The exterior of the 50 ml Sterile Water Vial is not sterile and should not be placed in the sterile field. 

Reference indicators on Generator to ensure Saline Flush Line is positioned in the correct direction. If Saline Flush Line is placed in a backwards direction within the Saline Pump, saline will not flow during procedure. 

Care should be taken during procedure to monitor remaining saline level in bag. If saline bag is empty, patient could experience urethral discomfort due to no flush flow. 

Once needle is deployed, hold the Delivery Device steady.

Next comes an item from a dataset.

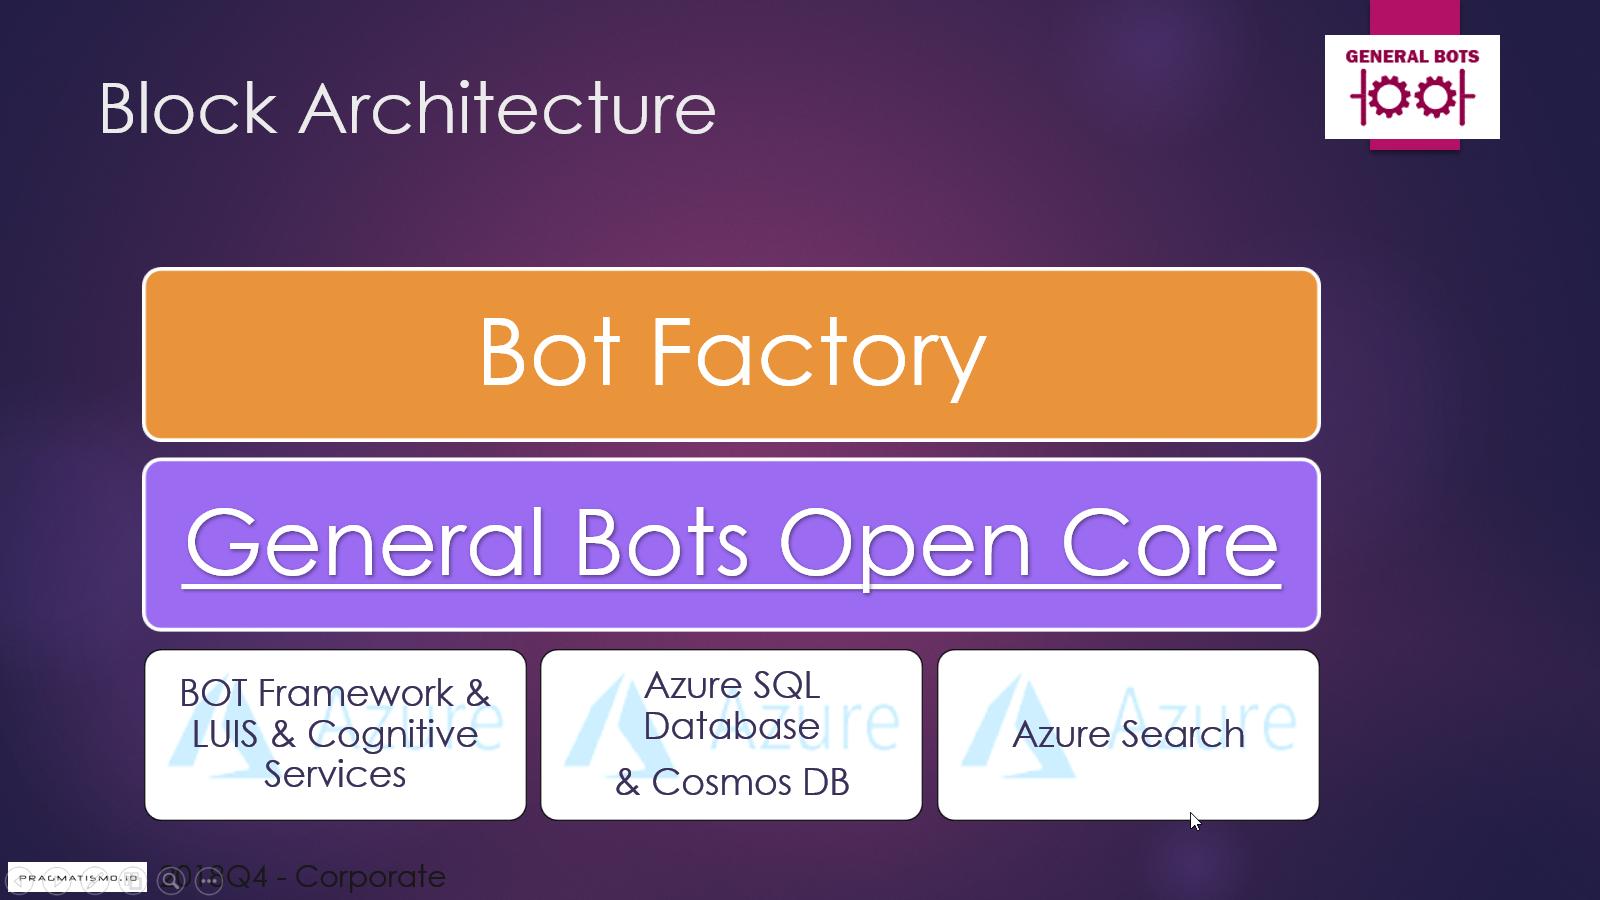 General Bots Block Architecture

Movement of the Delivery Device may stretch tissue and cause vapor to leak into the urethra, possibly causing urethral irritation. Extreme movement may also cause pressure on the needle resulting in difficulty with needle retraction. Needle must be returned to the original insertion position to facilitate retraction. 

Care should be taken during procedure to monitor the amount of saline instilled. If bladder is not empty, overfilling of bladder may occur. The Generator helps monitor the amount of saline instilled. 

During healing phase, patient may experience a continued or worsening of LUTS, which may require the use of a catheter for several days. Cystoscopic intervention during the healing phase may also lead to continued or worsening of LUTS. For more information on these types of events in the clinical study, please refer to the Clinical Summary section of the DFU. 

Saline should be at room temperature. Do not use cold saline, which may reduce the effectiveness of the therapy. 

The Delivery Device is compatible with a 4 mm, 30 degree, 30 cm Storz or Richard-Wolf cystoscopic lens. Use of other scope lenses may impact performance of the Delivery Device. 

If finger is released from Vapor Activation Button before the priming cycle is complete, vapor will automatically stop and the priming steps will have to be repeated. 

Do not release Vapor Activation button during vapor treatment cycle. If Vapor Activation Button is released before treatment cycle is complete, vapor release will automatically stop, which may lead to partial and incomplete treatment. 

Ensure air bubbles are removed from the syringe. If bubbles are trapped in the line, an insufficient treatment may result. 

Treatments in excess of those recommended in the guidelines may lead to prolonged irritative symptoms and/or catheterization. 

After use, this product should be treated as a potential biohazard. Handle and dispose of in accordance with acceptable medical practices and applicable local, state and federal guidelines.